> For the complete documentation index, see [llms.txt](https://docs.openreview.net/llms.txt). Markdown versions of documentation pages are available by appending `.md` to page URLs; this page is available as [Markdown](https://docs.openreview.net/reference/sign-in-with-openreview.md).

# Sign in with OpenReview

Let your users sign in to your application with their OpenReview account. OpenReview acts as a standard **OpenID Connect (OIDC)** identity provider using the **Authorization Code flow with PKCE**, so any spec-compliant OIDC or OAuth 2.0 client library will work.

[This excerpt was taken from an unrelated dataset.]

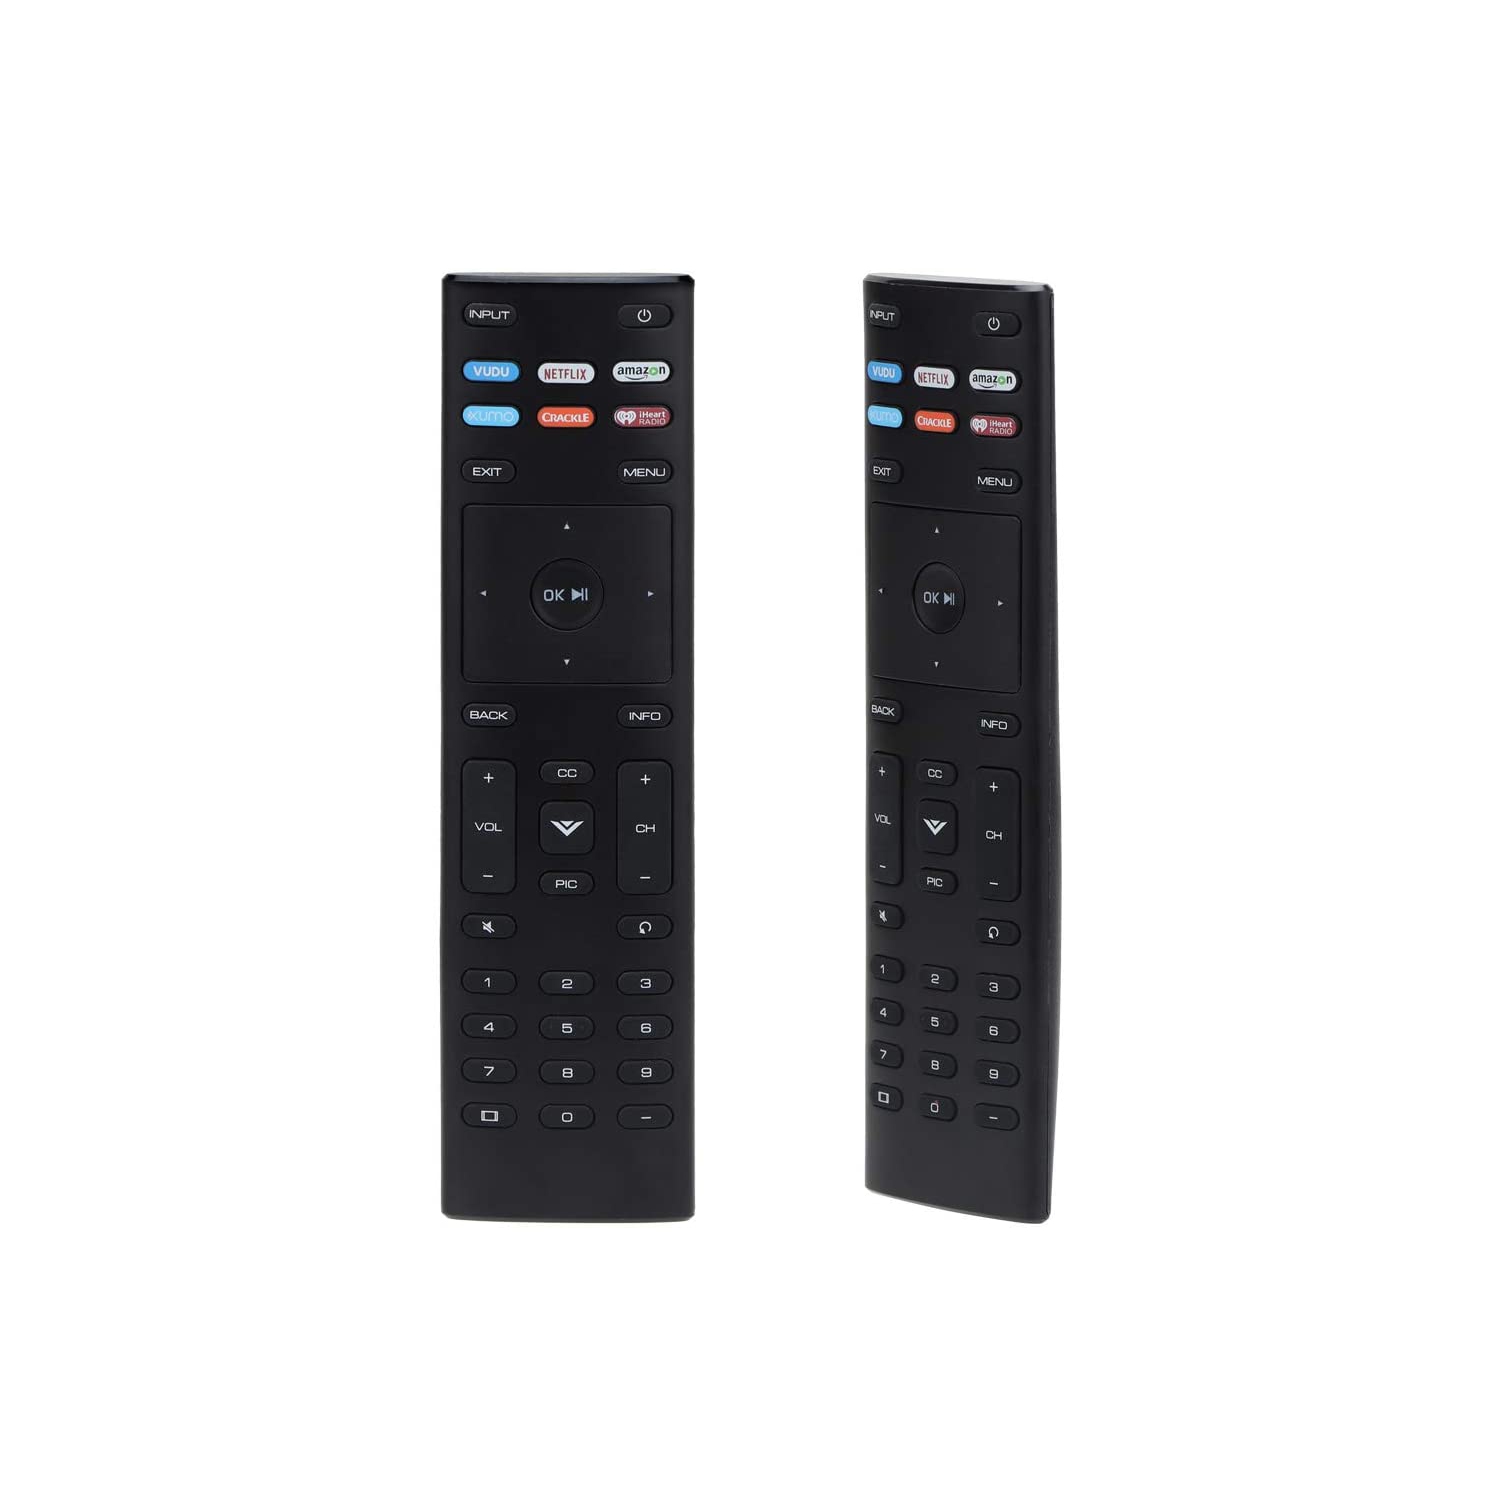 XRT136 Remote Control Replacement fit for Vizio Smart TV D24f-F1 D32f-F1 D43f-F1 D50f-F1 E43-E2 E60-E3 E75-E1

After a successful sign-in your application receives:

* An **ID token** (a signed JWT) that identifies the user.
* An **access token** you can use to fetch the user's profile claims from the UserInfo endpoint.

{% hint style="info" %}
This guide covers integrations using PKCE (Proof Key for Code Exchange) — the recommended approach for web, mobile, and single-page applications.
{% endhint %}

## Endpoints

All endpoints live under the OpenReview API host. In production:

| Purpose            | URL                                                            |
| ------------------ | -------------------------------------------------------------- |
| Discovery          | `https://api2.openreview.net/.well-known/openid-configuration` |
| Authorization      | `https://api2.openreview.net/oidc/authorize`                   |
| Token              | `https://api2.openreview.net/oidc/token`                       |
| UserInfo           | `https://api2.openreview.net/oidc/userinfo`                    |
| JWKS (public keys) | `https://api2.openreview.net/oidc/jwks`                        |
| Revocation         | `https://api2.openreview.net/oidc/revoke`                      |

The interactive login and consent screens are served from the OpenReview web app at `https://openreview.net`. Your users are redirected there to sign in and approve access.

### Discovery document

Most OIDC libraries configure themselves automatically from the discovery document. Fetch it to see the provider's current capabilities — supported scopes, claims, signing algorithm, and endpoint URLs:

```bash
curl https://api2.openreview.net/.well-known/openid-configuration
```

## Registering your application

Client registration is handled by the OpenReview team. To register, contact OpenReview support and provide:

* **`client_id`** — a unique identifier for your application. You choose this value (for example, `my-conference-portal`); it is included in every request.
* **Application name** — the human-readable name shown to users on the consent screen.
* **Redirect URIs** — the exact callback URLs in your application that OpenReview is allowed to redirect back to after sign-in. Redirect URIs are matched exactly, so list every URL you will use (for example, both your production and staging callbacks).
* **Scopes** — the scopes your application needs (see [Scopes and claims](#scopes-and-claims)).

Once your application is reviewed and approved, you can begin the sign-in flow.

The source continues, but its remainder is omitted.